Yes, this post is project-related.
Yes, I know I swore off social media at the beginning of my Watson.
But hear me out.
People are always shocked when they find out I don’t have an Instagram.
“Someone your age without an Instagram???”
“But everyone has one!”
“Facebook if for old ladies and their friends.”
I mean, even my parents have Instagrams (shoutout to @banyantreecoffee). But for the longest time I was against having one. Facebook was enough for me and Instagram just seemed like another unnecessary distraction. I didn’t care much for knowing what all my high school or college loose acquaintances were up to at every photo-taking opportunity of their lives. I also didn’t feel like I had much to share. My phone is filled with pictures of food that I’ve eaten, cooked, or admired from afar and I didn’t feel it necessary to flood the already food-saturated social media stream with more amateur photos of avocado toast and flat whites (yes, I, too, love avocado toast #socali).
But, alas, here I am. A month into my Watson, after having made a public Facebook announcement that “I’ll be unplugging from all social media for the year in an effort to be fully present wherever I go,” I have created an account for the social media of all Social Media – Instagram.
Why, you ask?
Thanks to Jess at Kai (and a few others before her), I’ve finally realized that Instagram not only can be a way of communication but can also be a platform for professional and personal growth, and at times is necessary to make it in this competitive food industry.
Let me elaborate.
- Food and social media go hand-in-hand:
- Social media is a part of every industry nowadays, but for an industry so driven by sensory experiences, the food industry has a particularly strong relationship with social media. Pictures and videos not only showcase what the food is but also where it comes from, how it was made, the faces behind it, and even the moral/ethical/environmental/social issues associated with it.
- Instagram = people, Facebook = businesses
- Instagram more so than Facebook, seems to be a way to follow the people behind the food and restaurants I respect and not just their businesses.
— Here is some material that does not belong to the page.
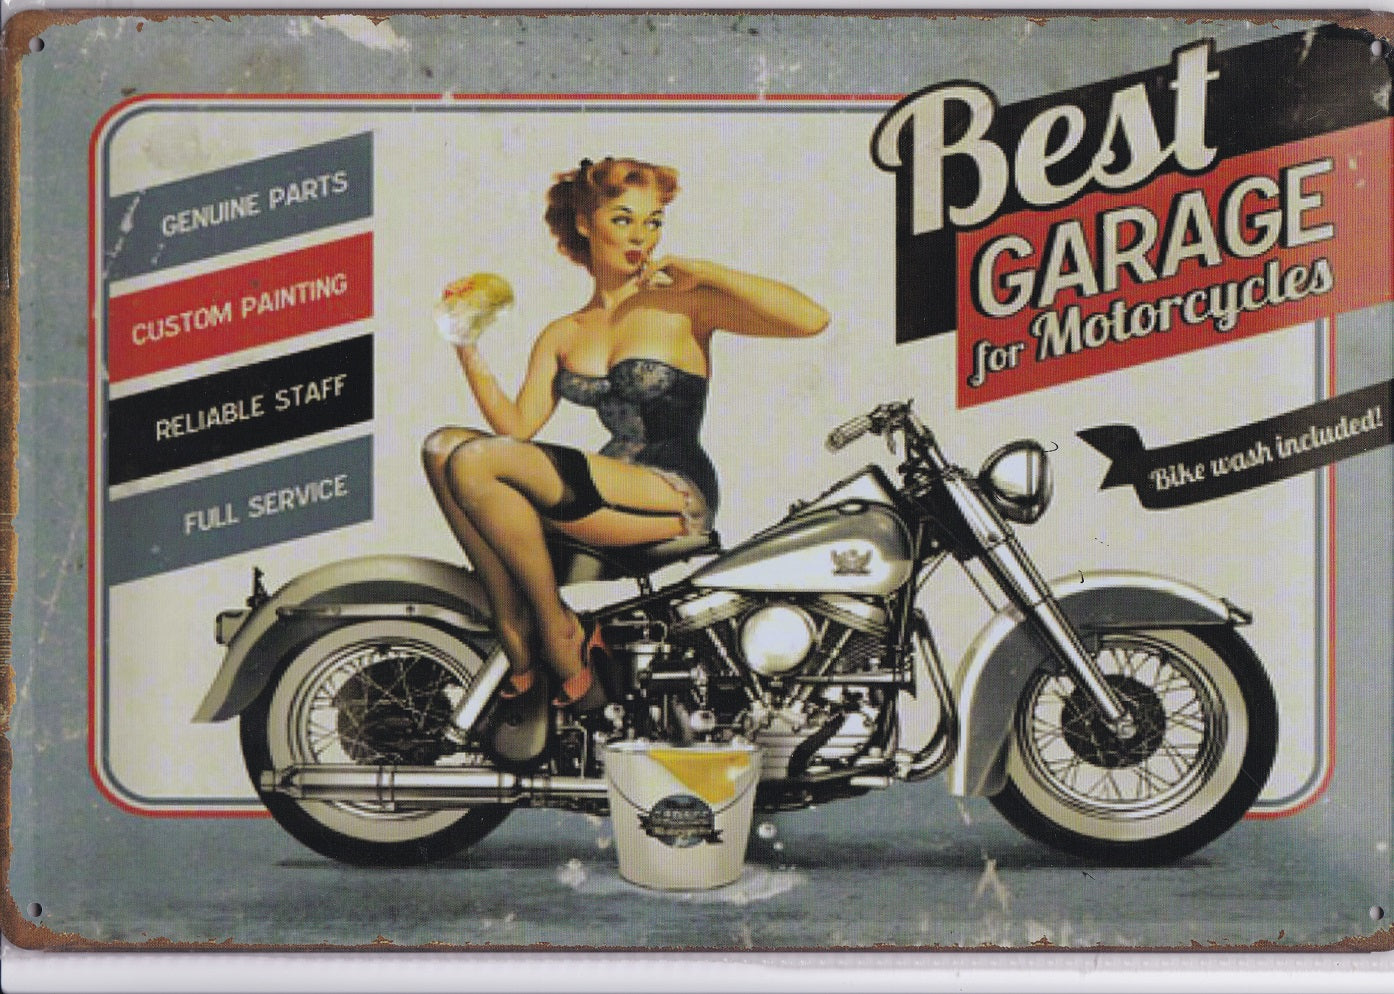 Best Garage For Motorcycles Vintage Metal Sign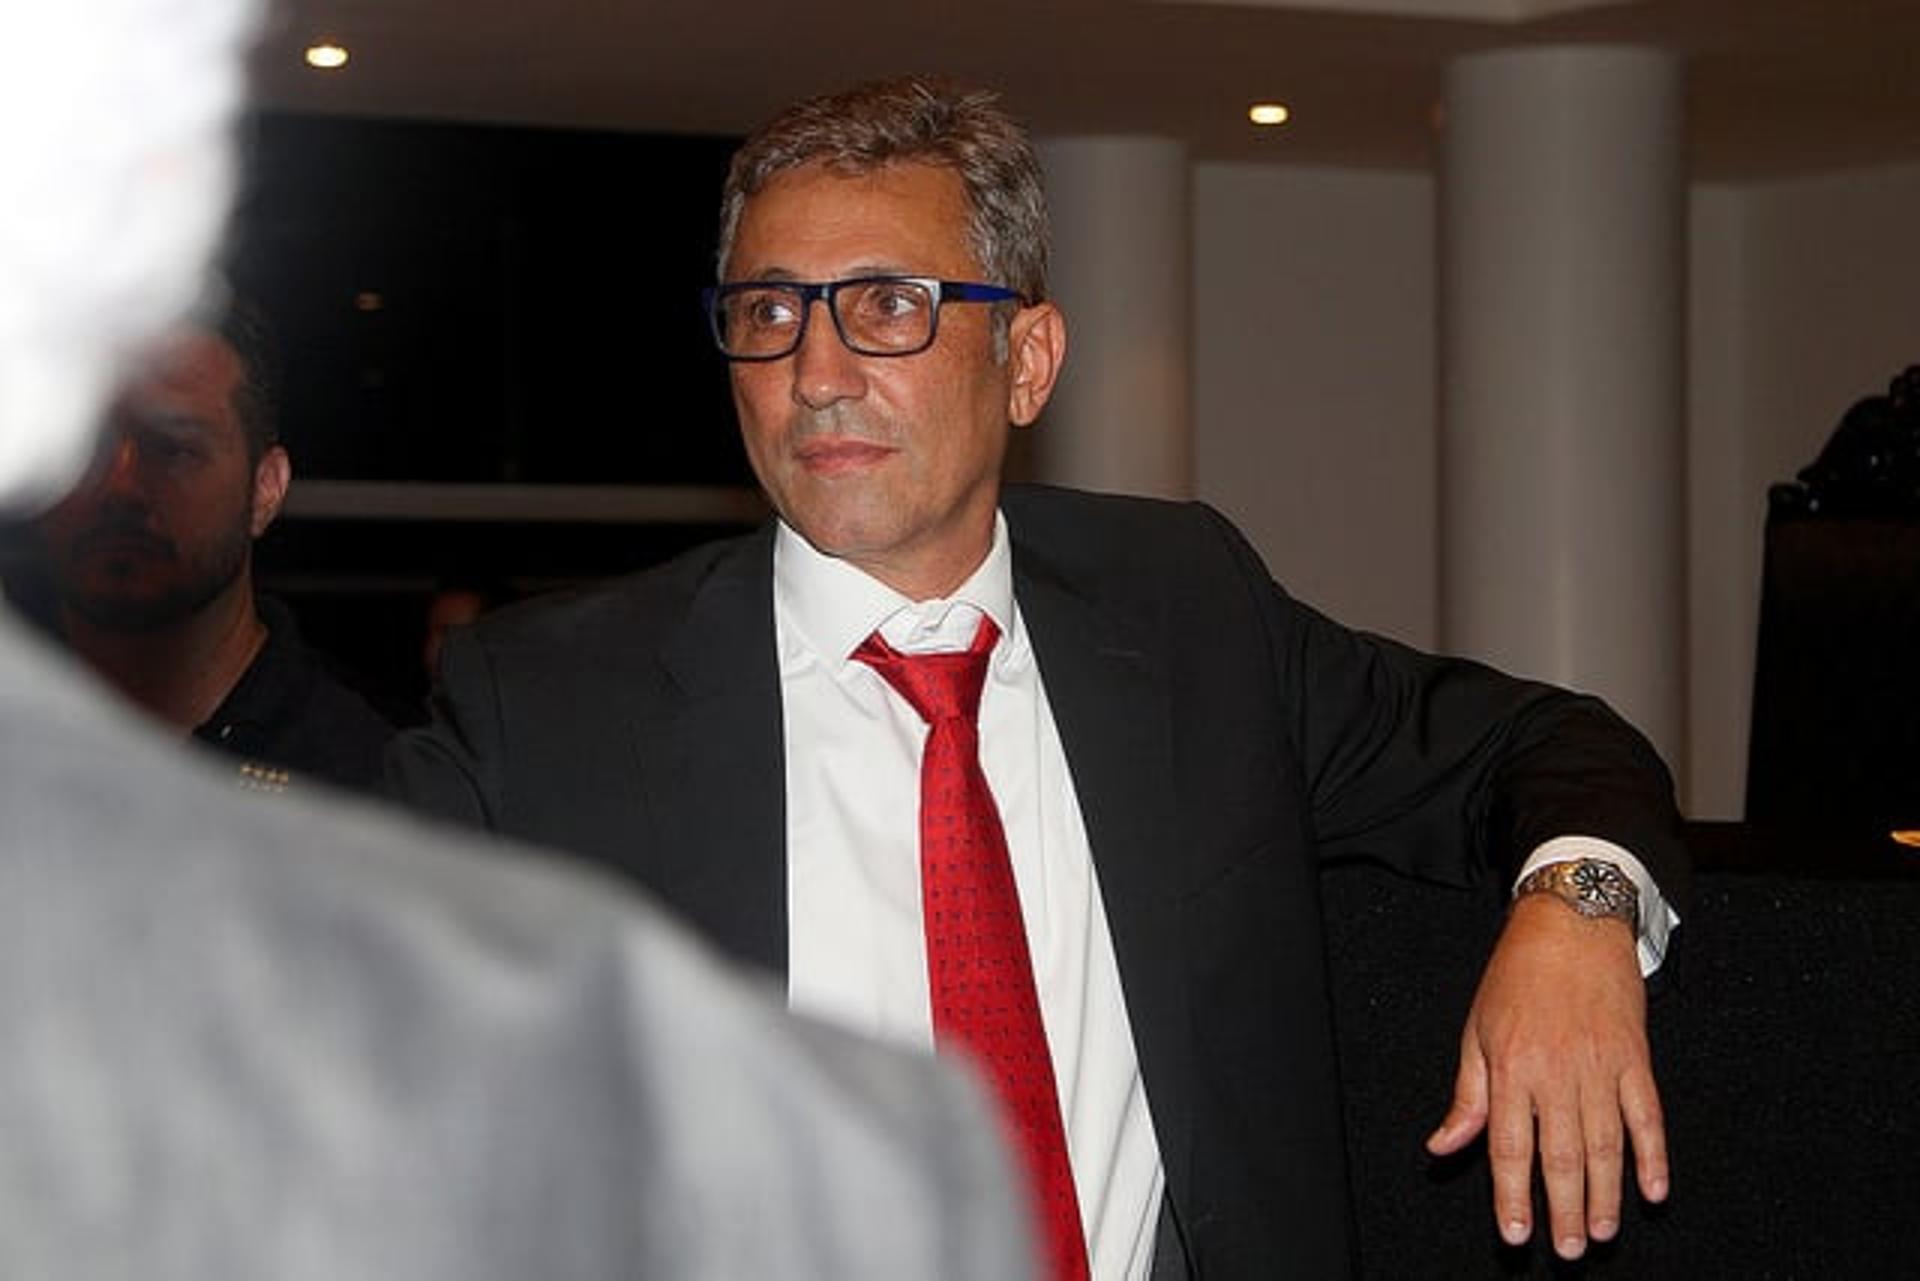 Campello será o próximo presidente do Vasco nos próximos três anos. Veja a seguir imagens do novo mandatário&nbsp;

For example, at Kai there’s a lot going on in the restaurant and through Jess’s posts on Instagram (@kai_galway) I’m learning about our ingredients, staff, and menus in ways I never thought of otherwise.
- “Network, network, network”:
- Was the advice from many past Watson Fellows at the Watson Reunion in March at Davidson. I guess I’ve been living in the networking stone-age in thinking word of mouth, email, and text are the only ways of networking. A couple quick tags from Jess on Instagram and I’m already connected with more incredible women in the restaurant industry than I could have written by email.
- Chefs (as are most people) are busy and have short attention spans:
- Not everyone wants to click three times to get to my blog or my personal website and read pages about me and what I do. (Hey you, thanks for sticking with me)
- Instagram is a way to showcase your passions and show what issues you care about:
- So my Instagram is going to be filled with food and nature? You better believe it is!
- Lastly, people are cool:
- I’m meeting some pretty darn cool people along the way here and I don’t want to lose touch with them.
Maybe this post is common sense to some of you, but for me, it’s been a humbling realization to come off my high horse and admit that social media is not the devil trying to distract me from my real life. I thought I’d “unplug from social media” to let myself be more present and immersed in the communities I met during this year, but in reality, certain forms of social media (if used in moderation!!!!!!!!!) can, ironically, help me be even more immersed in this crazy world of food.
So while I won’t upload the years of food, cooking, baking, and adventuring (and dog) photos stored in my phone, I hope you do enjoy and find some humor in this new medium of social expression I am beginning to explore.